UPDATE #2: There has been a flurry of phone calls and back-and-forth conversations among reporters and other officials today, much of it confusing. But you can read between the lines of Steve House’s statement to the Durango Herald:

I personally am not contacting the offices because I leave those decisions to the state party attorney and my personal attorney, I’ve not actively been involved with that,” House said in an interview with The Durango Herald. “I don’t know the law; I’m not a lawyer, and I don’t know what rises to the level of criminal activity.” 

—–

UPDATE: 9NEWS’ Brandon Rittiman, finally some mainstream media confirmation of what we’ve been reporting for days:

From Rittiman’s story:

Steve House, the chairman of the Colorado Republican party, has reached out to federal and state prosecutors about his allegations of a coup attempt to remove him from his leadership post at the state party, led by Republican state Attorney General Cynthia Coffman.

State party spokesman Owen Loftus confirmed that House reached out to both the U.S. Attorney’s office and the Denver District Attorney’s office in the wake of the scandal, which has dominated Colorado political conversation since House’s allegations last week…

His office is refuting a story posted to a conservative blog purporting to be a confession from his mistress.

—–

UPDATE: Here is the complete interview with Steve House’s alleged mistress, recorded the day after House’s confrontation with Cynthia Coffman, in which she categorically denies any affair. A wealth of information about this story in this over 47-minute conversation. See below for audio cue points to key moments. The voices on the recording are John Sampson, a private investigator and an Adams County Republican, Julie Naye, House’s alleged mistress, and Lana Fore, former secretary of the Colorado GOP.

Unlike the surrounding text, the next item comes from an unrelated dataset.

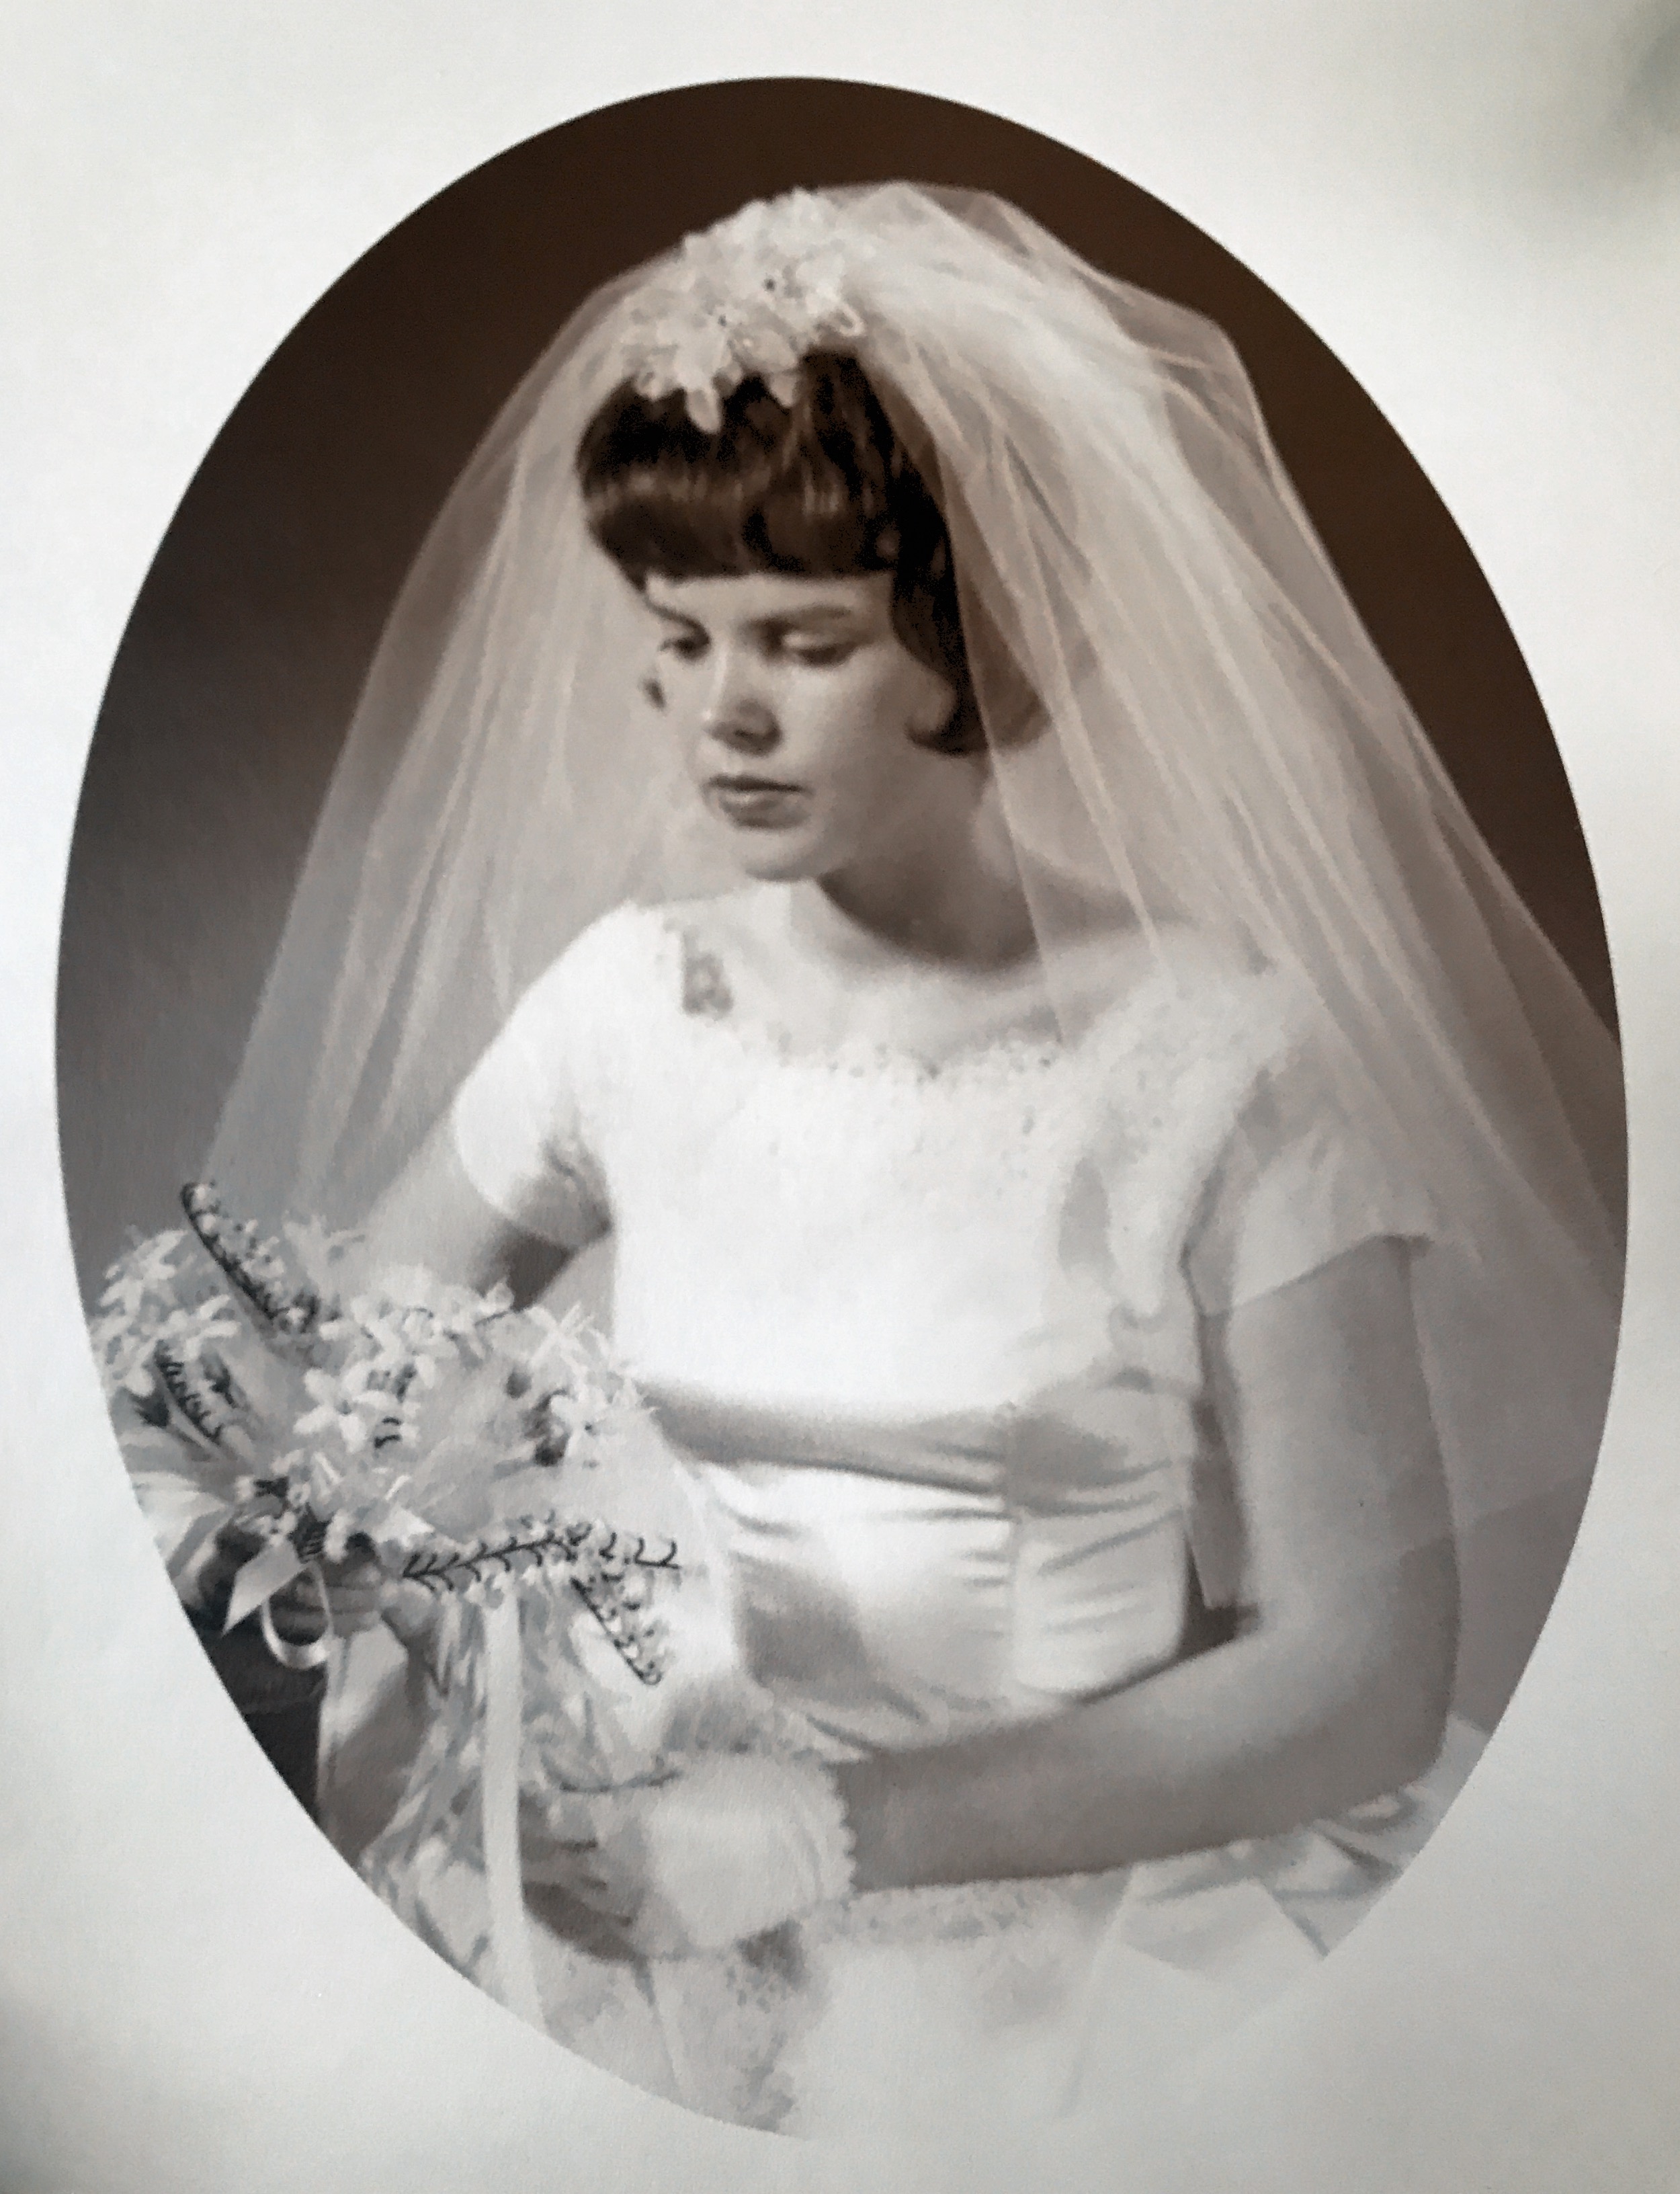 Pat White June 1, 1963 married to Charles Henry White Jr.

With Julie Naye, Steve House’s alleged mistress:

9:13   How do you know House?
12:39 How often would you see House?
13:02 Have you ever meet Donna House?
13:43 Have you ever been alone with House?
14:00 Have you ever been in the same town overnight as House?
15:02 Why is the opposition pointing at you?
15:18  Is there any evidence (text, email voicemail) for these claims?
18:39 Has House ever paid you for work?
20:00 “House is innocent… I’ve never been alone with him”
29:00 “Steve need to take it to their doorstep.”
31:50 “People are making stuff up. Cannot be something there that there isn’t. House has to fight this.”
35:00 Lana Fore? “She’s sitting right here next to me.”
36:00 “Want to press charges against people who are claiming to have an affair.”

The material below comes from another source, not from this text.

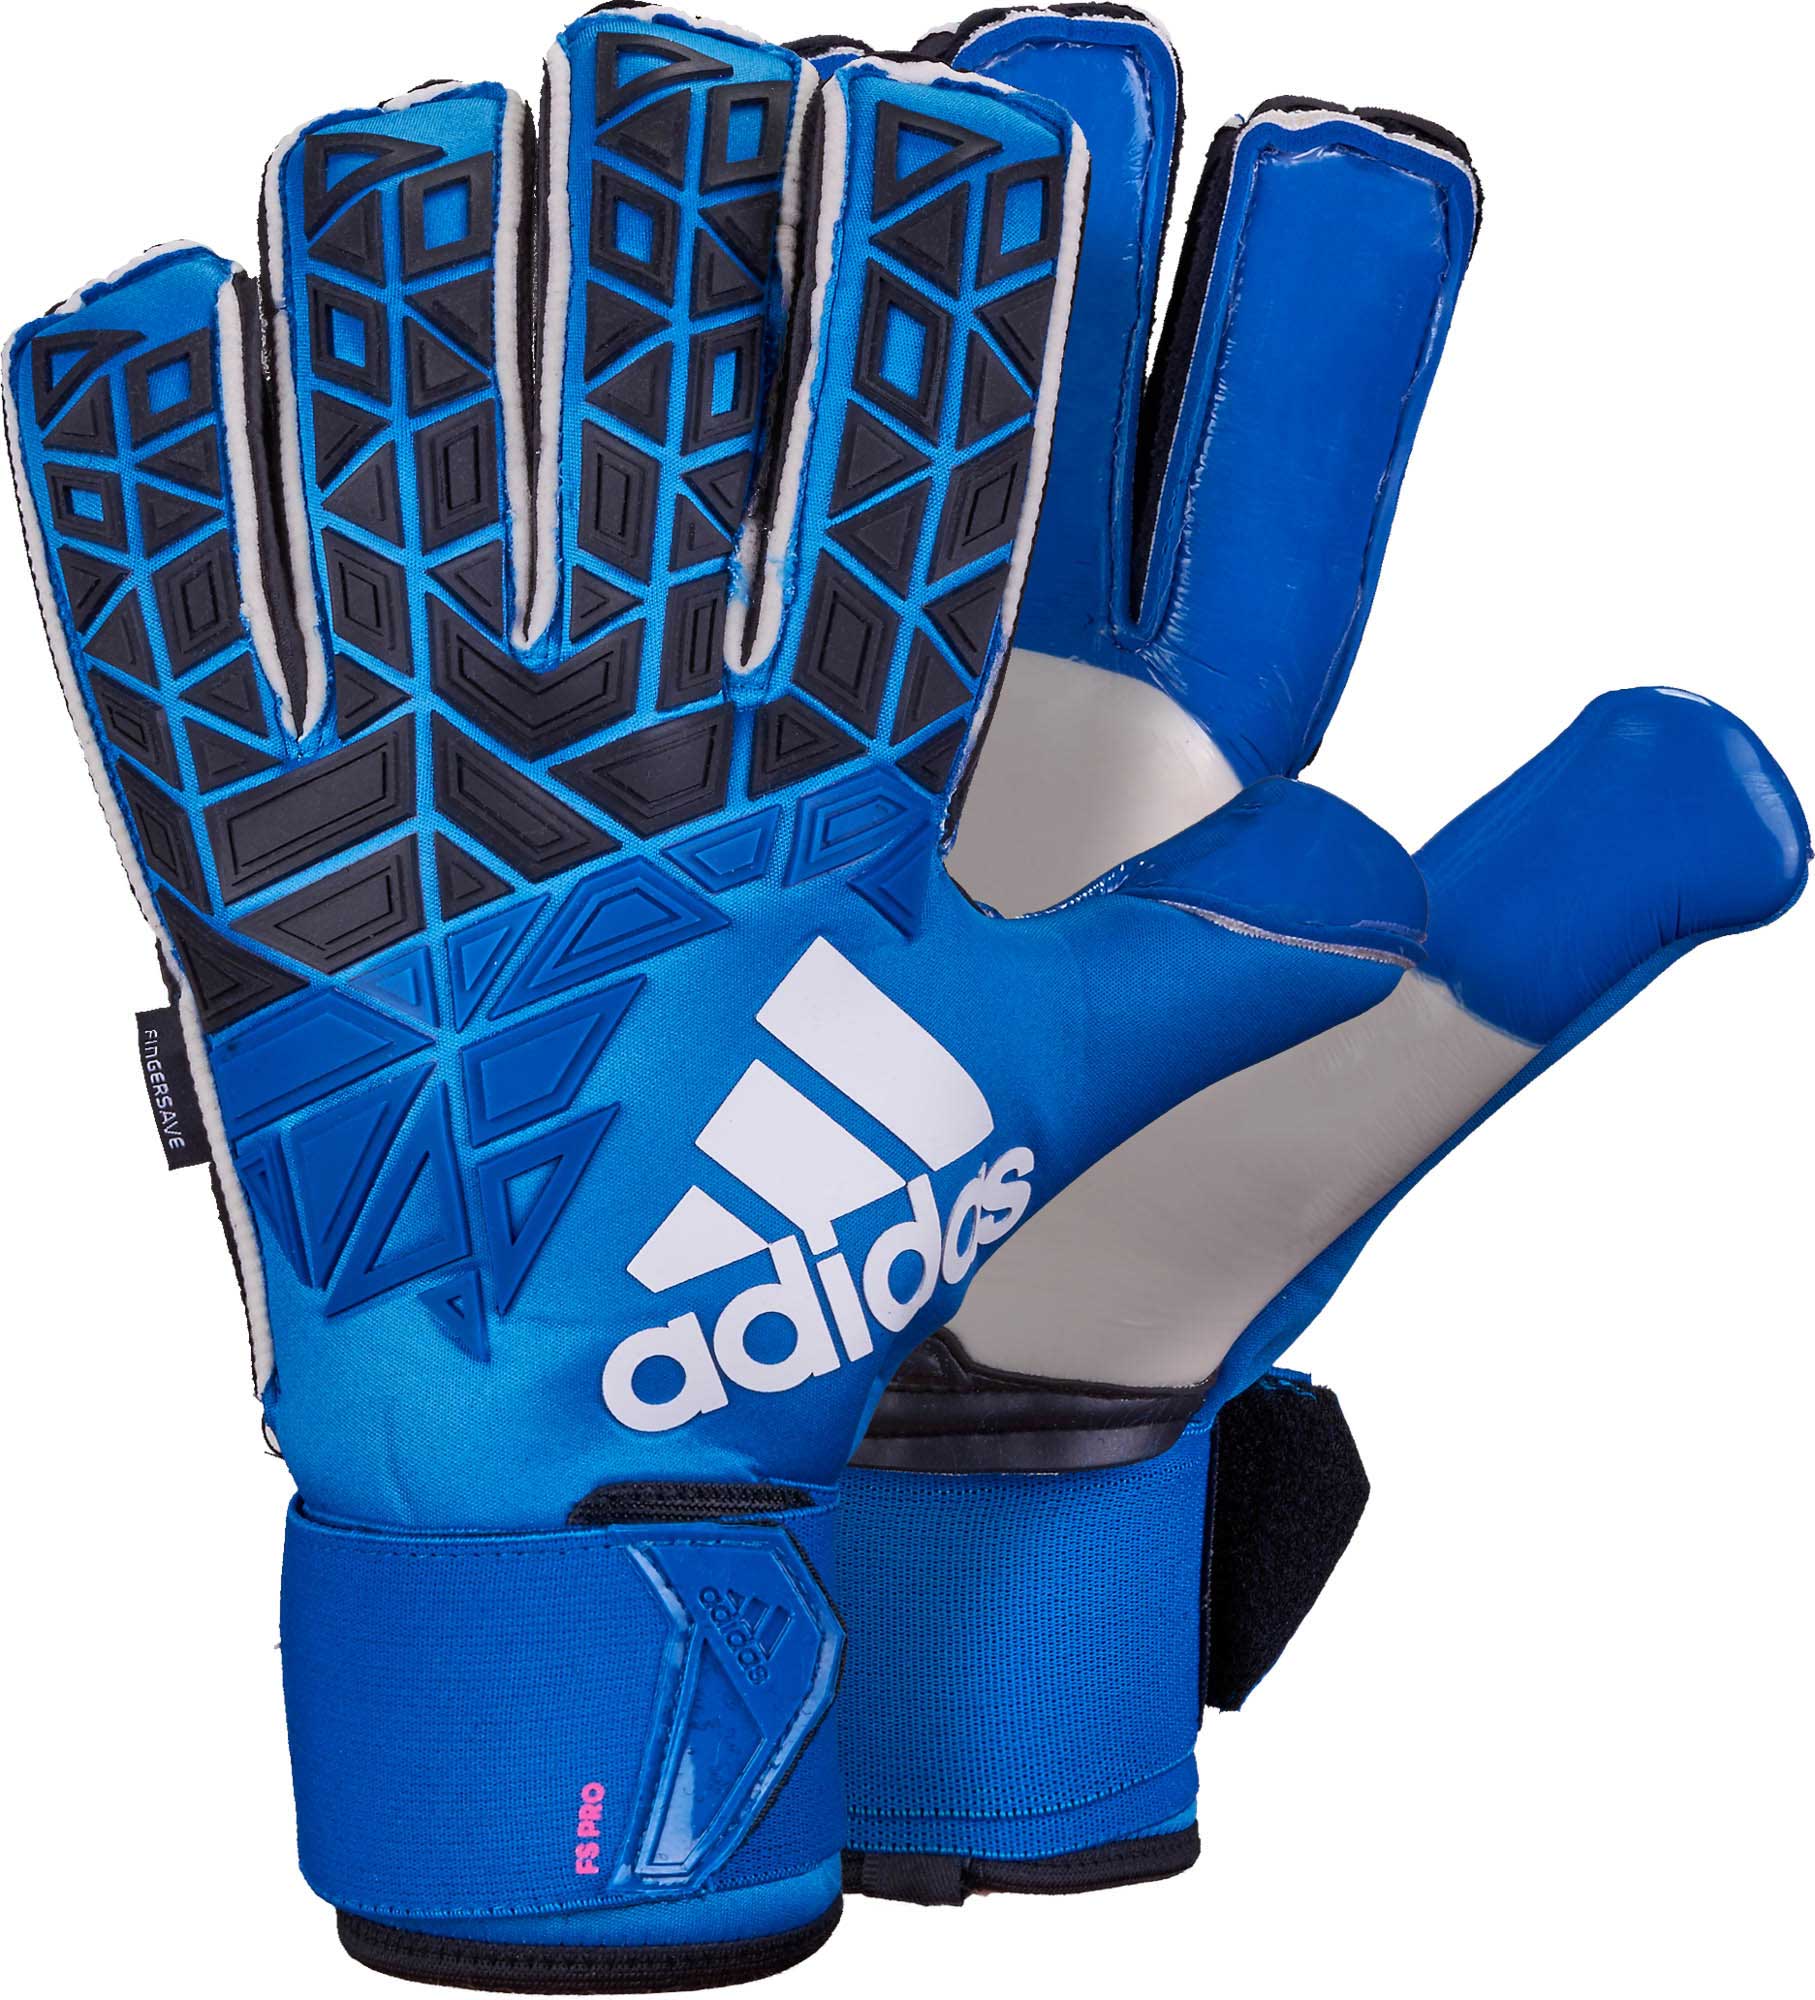 puma goalkeeper gloves pink and blue

With Lana Fore, former Colorado GOP secretary:

38:00 What is going on?
40:00 “Personal vendetta”
40:30 Who is trying to force you to say something that is not true? McAlpine, Harvey, Mizel, Herzfeldt all named.
41:30 “House made promises and didn’t keep them.”
41:50 What were those promises?
44:00 Tom Tancredo was at the meeting on Monday night.
45:15  “I’m not a big fan of Colorado Pols, but I think they got it right.”

To be fair, this recording is addressed in the blog post by Porter below:

Naye confessed that she lied to help cover the affair. She said that House texted her with instructions to deny their relationship to his friend who would be phoning her. Naye said that she was unaware at the time that this friend was also a private investigator.

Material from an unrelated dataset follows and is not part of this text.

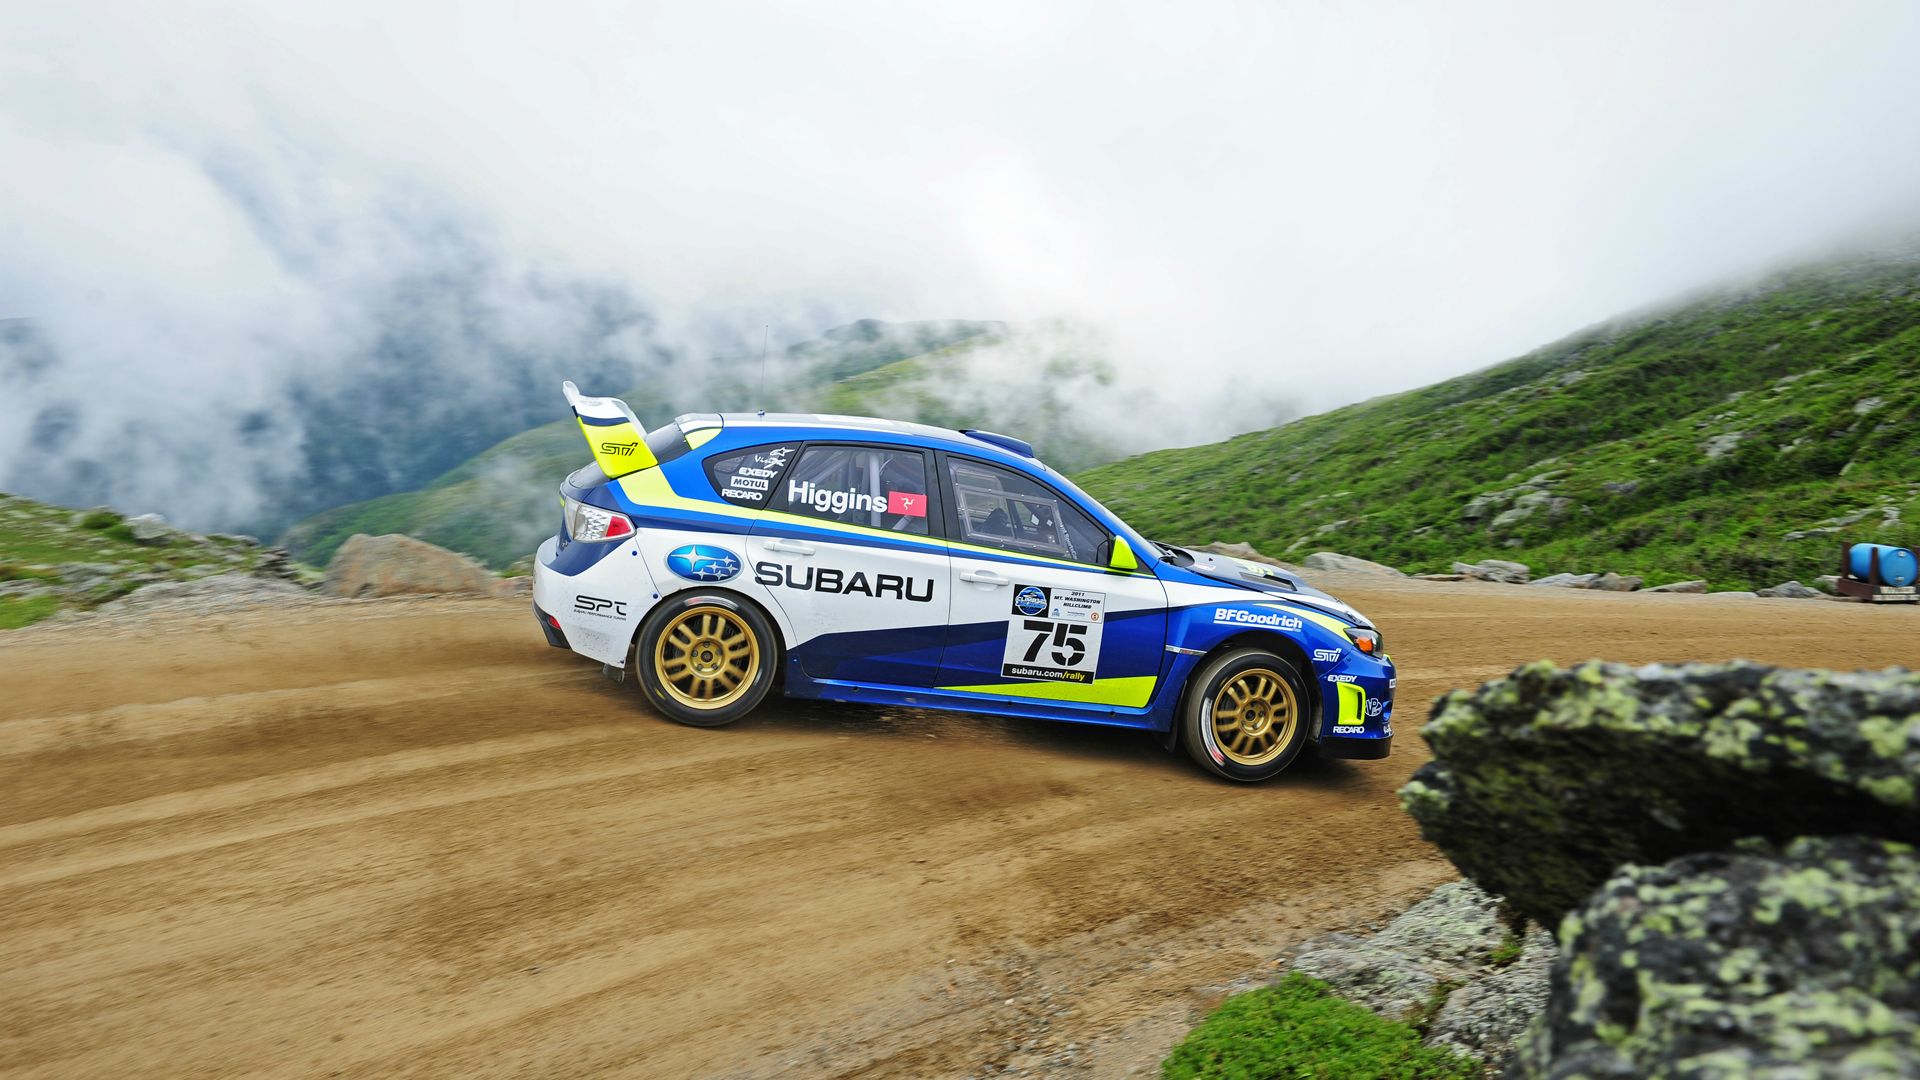 Subaru Image Rally Racing Car Wallpaper Picture For

To which we can only say, if she’s lying in this recording, she’s a very good liar. In any event, all we’re talking about here is scenery for the main event–criminal extortion.

Original post follows–big updates coming soon.

—–

Ted Harvey, Cynthia Coffman.

Ted Harvey, Cynthia Coffman.

As the controversy has swirled in the last few days over the alleged extortion of Colorado Republican Party chairman Steve House by high-ranking fellow Republicans including Attorney General Cynthia Coffman, one of the central details was the purported existence of an extramarital affair between House and an unknown party. House responded to the allegation by denying the existence of an affair, and claiming that he was confronted with it only after the conversation turned from why House didn’t hire Ted Harvey to serve as the state party’s executive director to demands that House resign his position.

House’s version of events is very important to the investigation now underway, as it meets the legal definition of criminal extortion. It would be one thing if House had committed some kind of actual malfeasance in his official capacity–though the manner in which House was confronted is still legally questionable–but to blackmail this man over an alleged love affair is contemptible in addition to potentially criminal.

Fast-forward to today–conservative blogger Kathryn Porter, who has obviously been tasked by someone close to Coffman to run damage control as the likelihood of a criminal investigation grows, published her “shocking expose” of House’s alleged affair:

“I had no expectations of a future with him. I thought this would eventually end and we would remain friends,” said [the woman]. She shared that House was easy to talk to and that they had a special trust between them. “I wasn’t looking for him to take care of me. And he had a wife. I trusted him to be kind to me and stick around as my friend.”

She became more guarded when confronted about her feelings for House. “I care about him a great deal, like you would care about a close friend with additional feelings,” she stated, carefully choosing her words…

She described the submission to their sexual desires as an organic evolution of their friendship.

Steve House.

Steve House.

Missing from Porter’s poorly-written screed is, well, anything particularly nefarious. Nowhere does the story of House’s alleged affair claim to involve his official duties as GOP chairman. Instead of helping, this hit piece would seem to confirm House’s version of the blackmail story, which we have to believe was not the intended purpose. 

And that’s perhaps not the worst part. Today, we were forwarded audio from a conversation between House’s alleged mistress and a private investigator from the day after House’s meeting with Coffman in which she denies the affair repeatedly and categorically. Late in the nearly 50-minute conversation, the investigator interviewing the woman in question says:

It’s called “character assassination 101.” What it all boils down to is, and I’m not a big fan of Colorado Pols, but I think they got it right. This is an attempt to have a coup d’etat. [Pols emphasis]

We are processing the audio from this conversation now and will post shortly, but we wanted to be sure the existence of these denials was quickly noted in the record.

How does this square with the quotes printed in Porter’s blog? Simple: it doesn’t. Sources tell us that House has turned his cell phone text records over to the U.S. Attorney’s office, and there’s nothing to indicate that House asked this woman to lie. And even of these hotly disputed allegations of an affair were true? That can’t justify blackmailing Steve House to get him to resign from his job as Colorado GOP chairman. Remember, it doesn’t make any difference whether House did or did not have an actual affair; it’s still blackmail to threaten him with it.

You can’t ever justify blackmail–it’s a crime as soon as you make the threat.